Roosje werd iedere dag nog verdrietiger. Ze huilde 's avonds in bed, ze voelde zich zo alleen.
Op een avond lag ze diep onder haar deken verborgen omdat ze niet wilde dat haar mama haar zou horen. Haar kussen was kletsnat van de vele tranen. Plots hoorde ze iets, een heel zacht geluid bij het raam.
Tik tik.
Dan volgde er een lange pauze. Zo lang dat Roosje dacht dat ze het zich had ingebeeld. Wie zou er nu op een hoogte van drie verdiepingen op haar slaapkamerraam tikken? Dat was toch veel te gevaarlijk?
Daar was het weer. Tik tik. En nog een keertje. Tik tik. Roosje ging rechtop zitten in bed. Er was echt iets aan de hand! Zou ze haar mama roepen? Maar de nieuwsgierigheid van het meisje was veel te groot om eerst nog op mama te wachten. Ze gooide het deken van haar af en stapte naar het raam. Een heel klein figuurtje met bijna onzichtbare vleugeltjes wou net nog een keer tegen het glas tikken.

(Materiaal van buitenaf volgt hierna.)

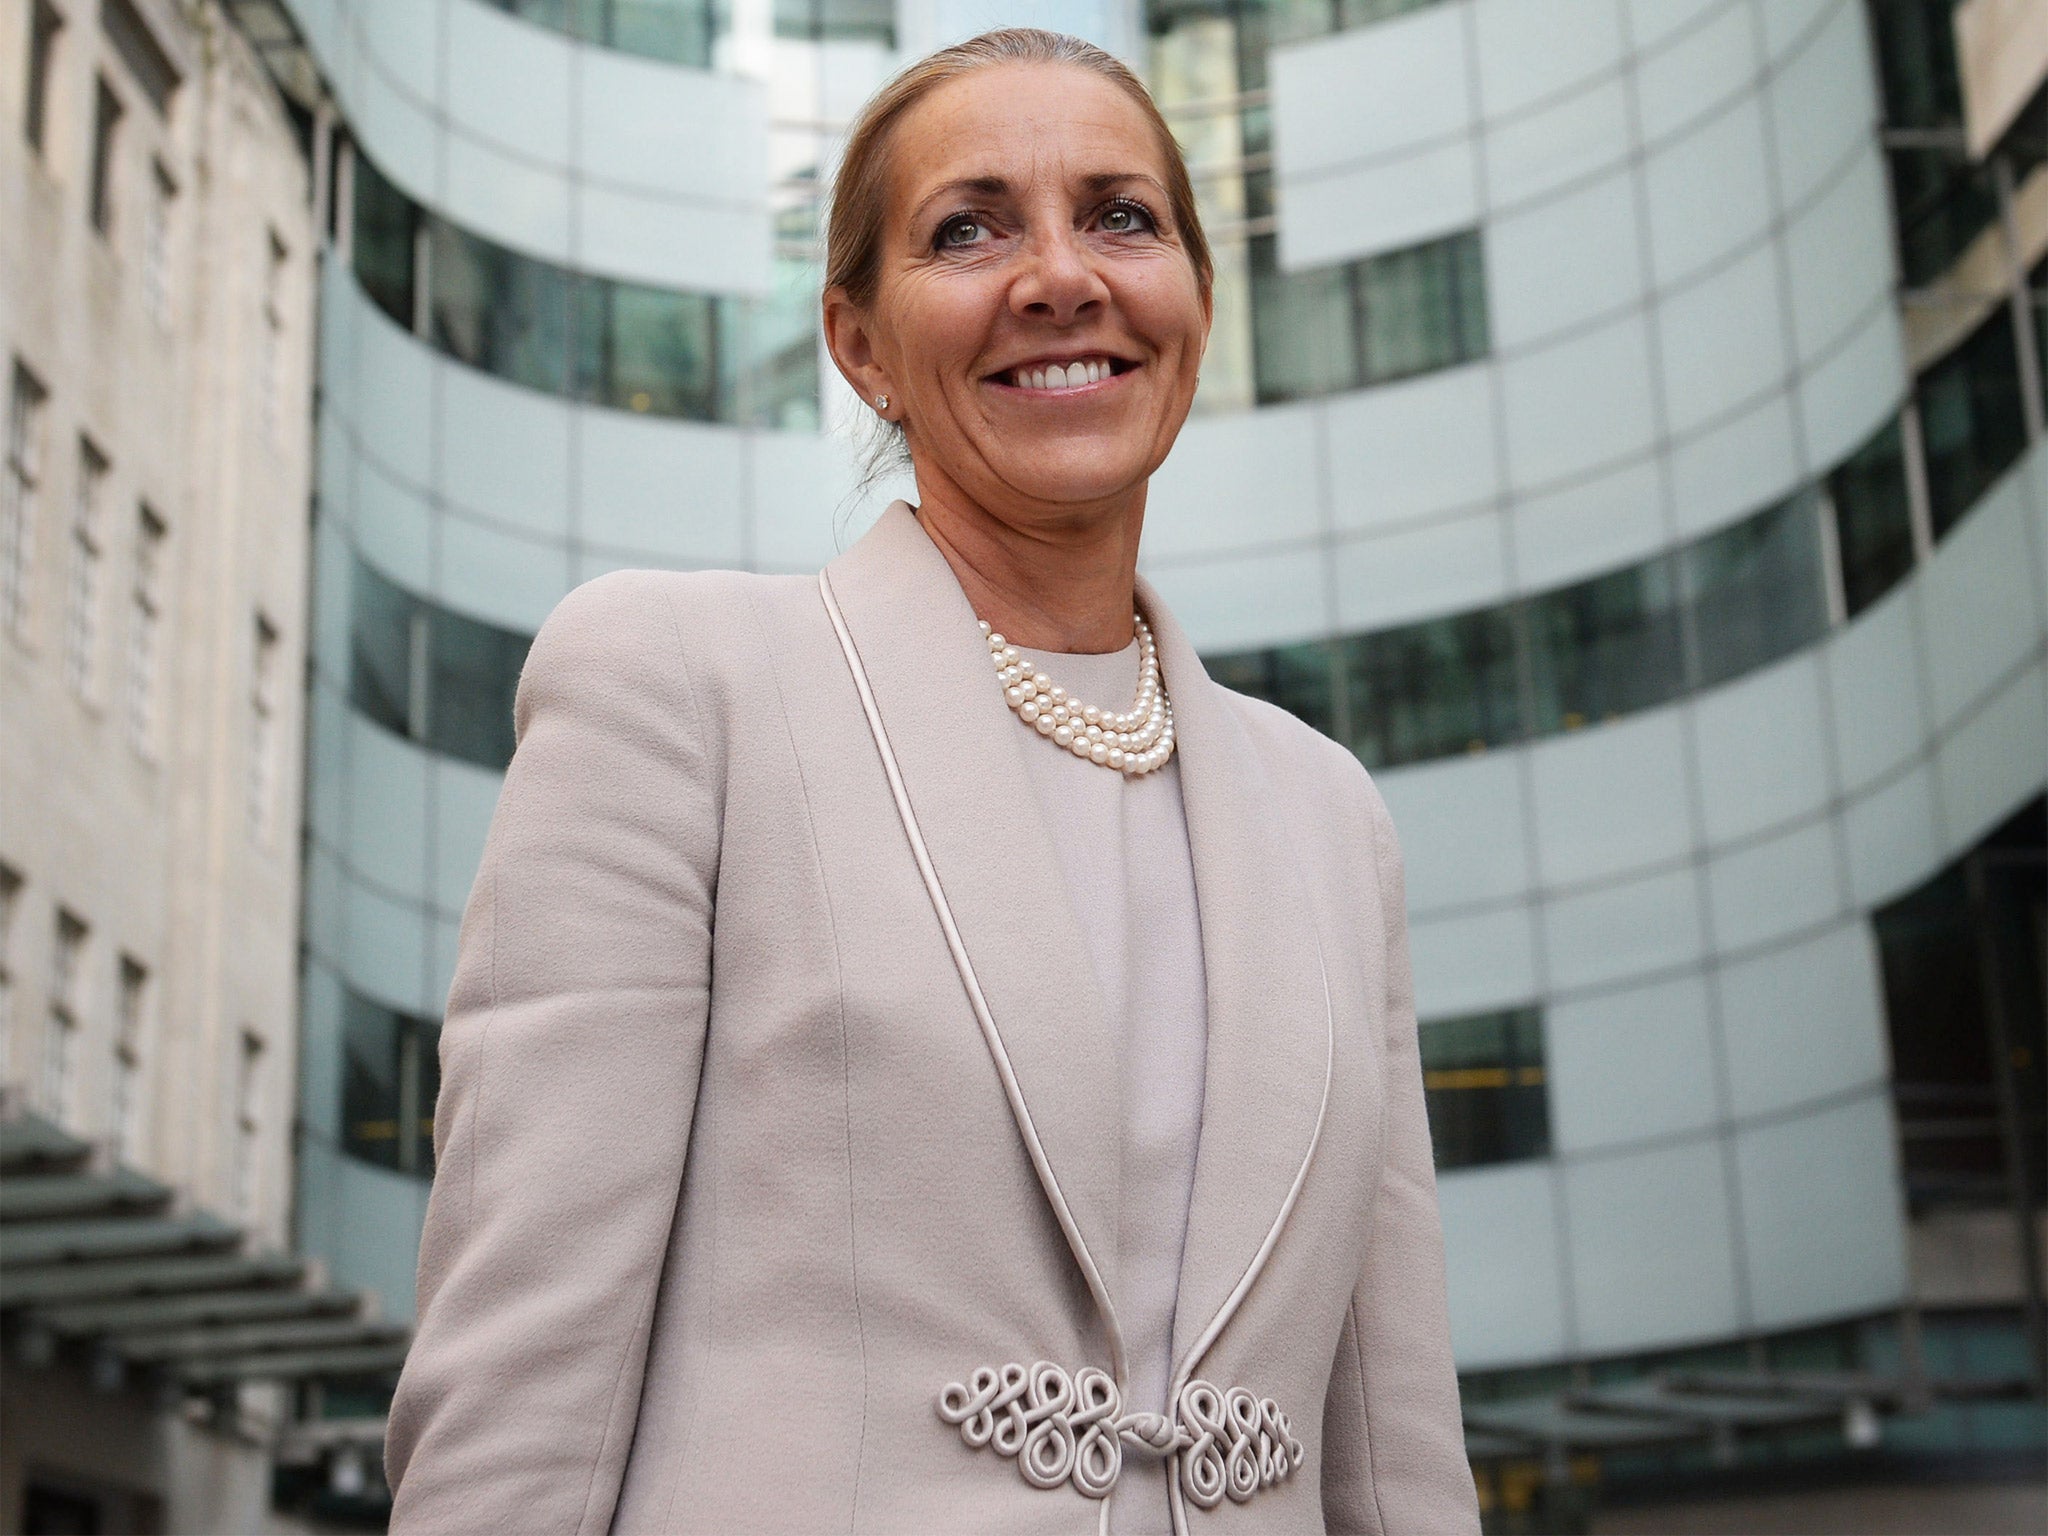 The BBC Trust Chairman Rona Fairhead

Dat lijkt wel een elfje, dacht Roosje. Maar nee, dat kon toch niet, er bestaan toch helemaal geen elfjes? Die zie je alleen maar in sprookjes, maar nooit in het echt. En al zeker niet aan je slaapkamerraam.
Tik tik. Het elfje was er nog steeds, Roosje zag hoe ze flink over haar armpjes wreef. Het heeft het natuurlijk heel erg koud met dit natte weer. Voorzichtig deed Roosje het raam open, het elfje vloog meteen naar binnen.
'Dank je,' zei het elfje zachtjes en ging op de rand van het bed zitten. Roosje zei niets, ze zat daar alleen maar en staarde voor zich uit. Zoals steeds het geval was, kon ze geen woord over haar lippen krijgen. Ook niet tegen een elfje.
'Ik ben Brownie,' sprak het elfje en ze gooide wat engelenstof over Roosje heen.
'Ik ben Roosje,' zei Roosje tot haar eigen grote verrassing.
'Zie je wel, je kan praten.' Het elfje was verrukt.
'Tuurlijk wel,' fluisterde Roosje, 'maar normaal lukt dat alleen met mama.'
'Je praat nooit met iemand anders? Echt nooit, nergens? Niet op school, niet in de winkel, niet op straat?' Het elfje keek zo verbaasd en schrok zo hard dat ze van de rand van het bed viel, pardoes op de knuffelbeer van Roosje.
'Gaat het?' vroeg Roosje.
'Hou dat gevaarlijke beest uit mijn buurt!' Ze wees naar Teddy die met zijn donkerbruine kijkers recht in de richting van het elfje keek.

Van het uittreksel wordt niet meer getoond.